THE CROWD WAS already chanting Javan’s name when he slowly made his way out of the tunnel Sajda had spent years carving into the bedrock behind one of the stalls. She’d led him there the moment the warden was gone, creeping past the ruins of his cell by the light of the full moon. His bed was a charred, twisted lump. The rest of his cell’s sparse contents were piles of ash on the stone floor, but it was the bed that held his attention.

He could have been lying on it, oblivious to the death that was heading his way. He already owed so much to Sajda, and now he owed her his life.
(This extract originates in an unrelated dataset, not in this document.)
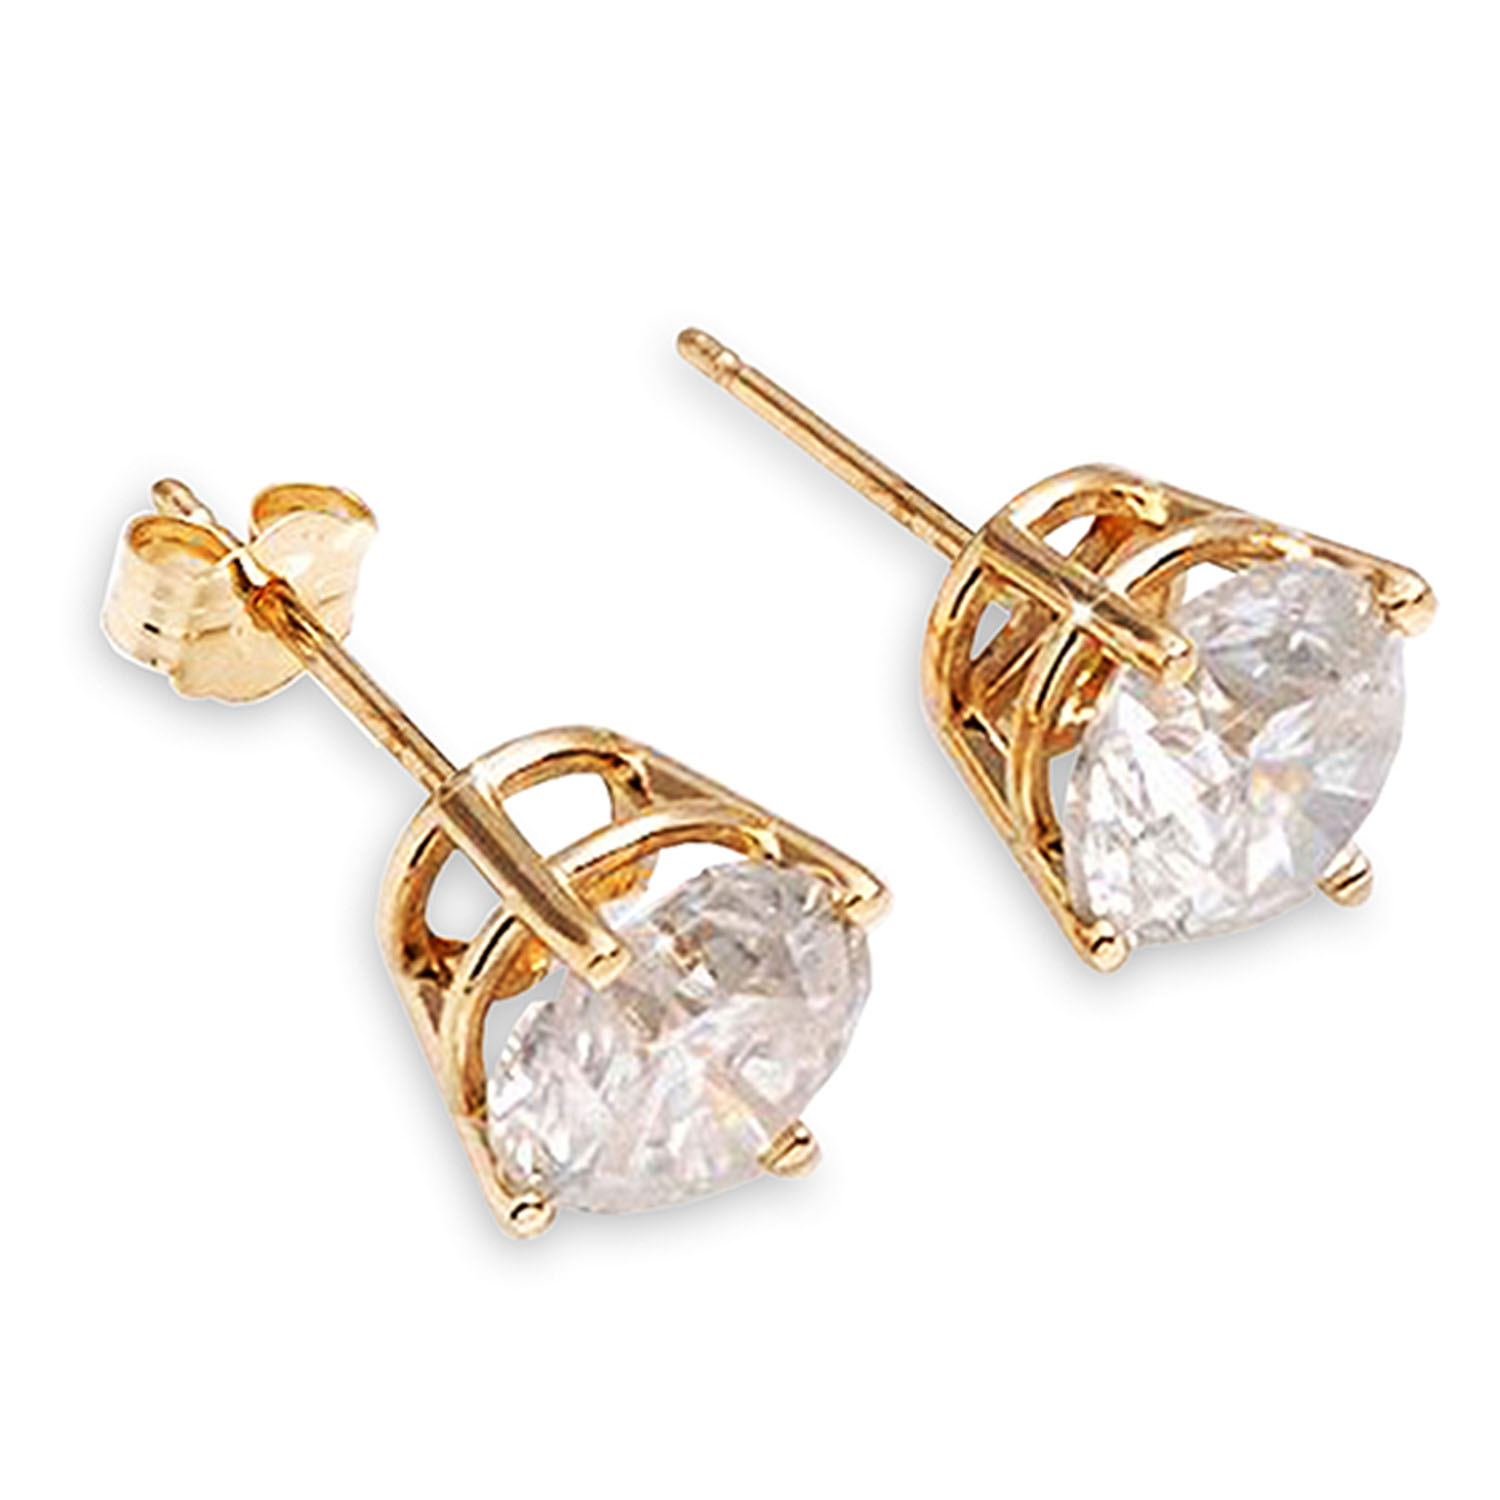 1 CTW 14K Solid Gold Stud Earrings 1.0 Carat Natural Diamond | eBay
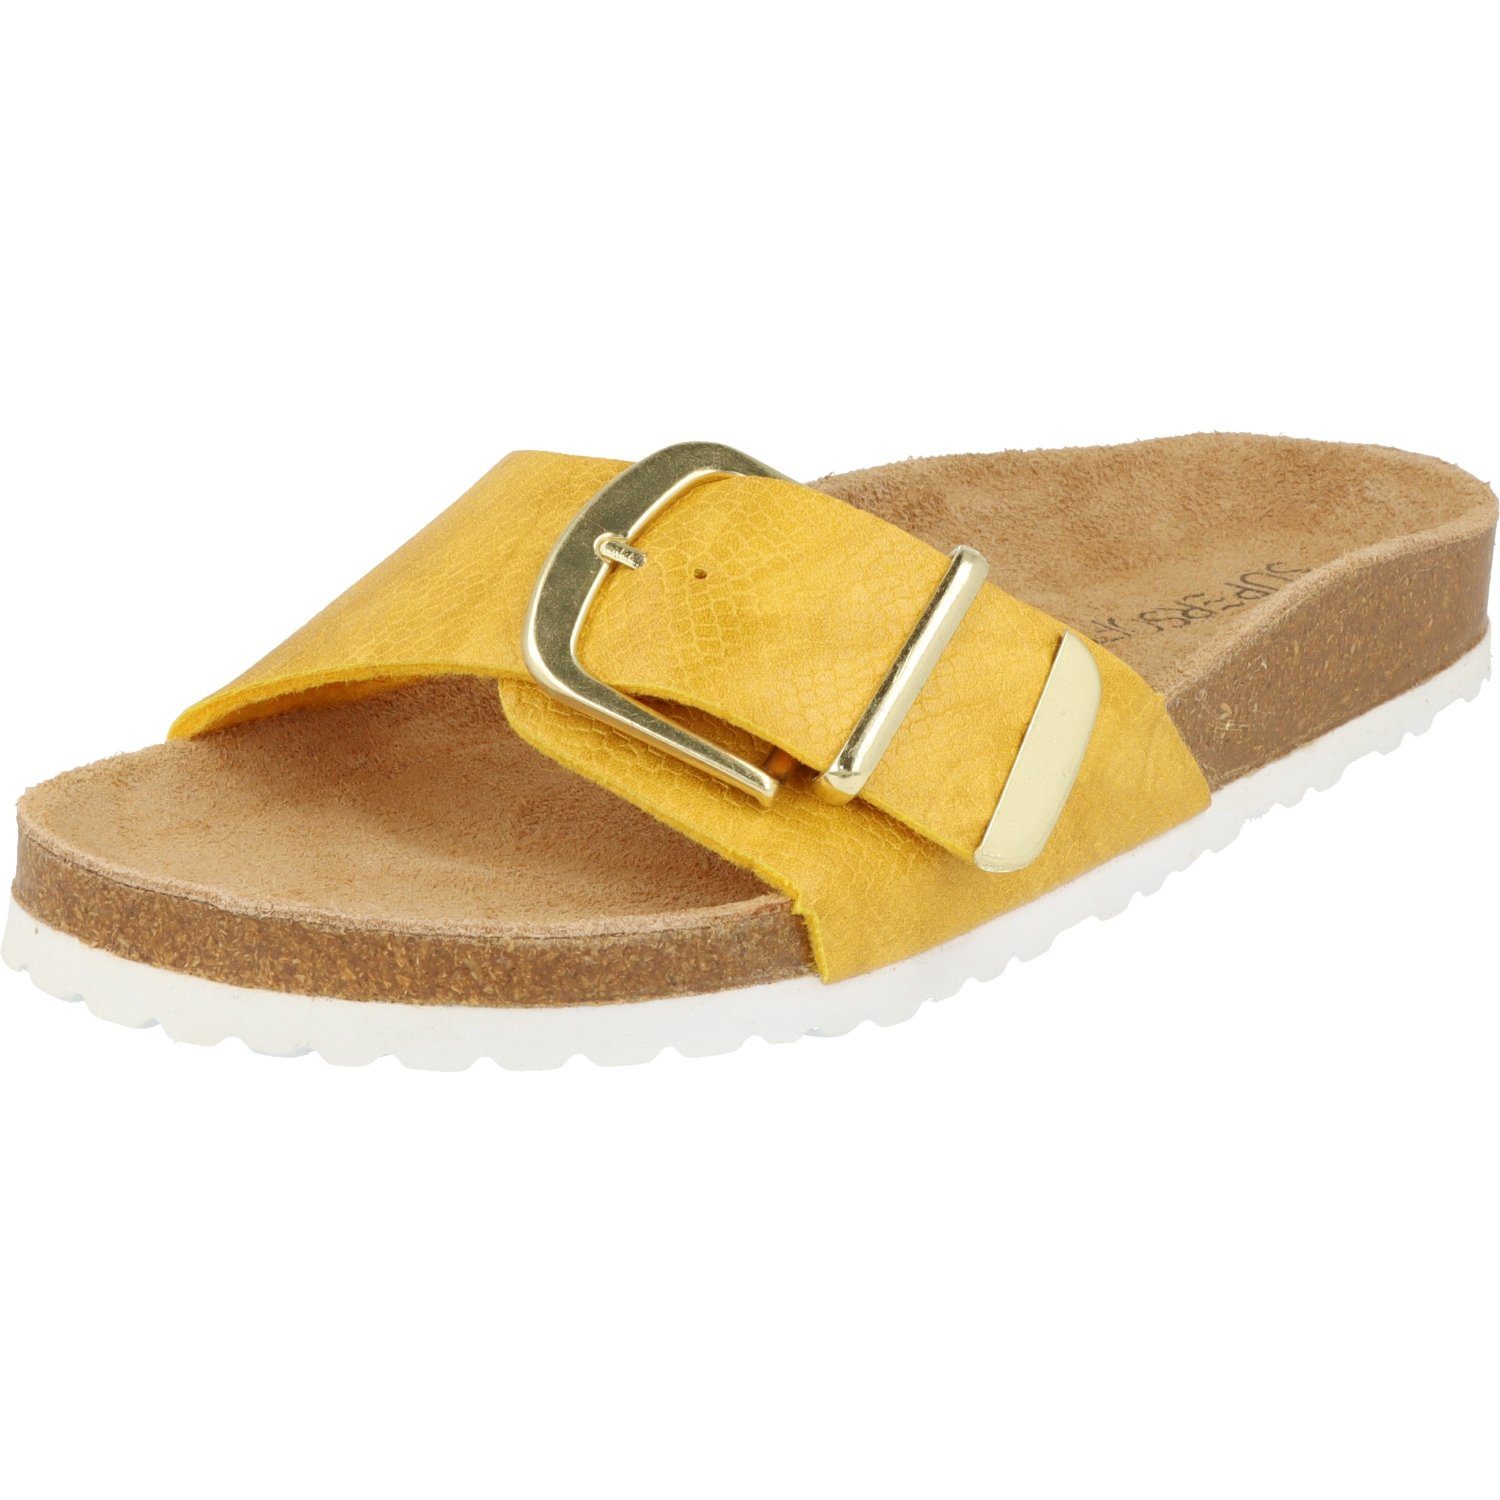 SUPERSOFT »274-266 Damen Pantoffel Hausschuhe Leder-Fußbett Yellow  Schnalle« Pantolette online kaufen | OTTO

He’d stayed in the tunnel all night while Sajda smeared sheep’s guts over the opening and the stall itself to throw the warden off his scent once the sun rose and she saw that the prince hadn’t been caught in the inferno. He wasn’t sure how long the warden searched for him, or what excuse, if any, she’d made to the other prisoners for trying to burn him alive. His world had narrowed down to the cool darkness of Sajda’s little cave until she’d pushed the trough away from the opening and called for him to head to the arena.

The audience of aristocrats would make it nearly impossible for the warden to justify another attempt on Javan’s life during the competition. At least that was his hope.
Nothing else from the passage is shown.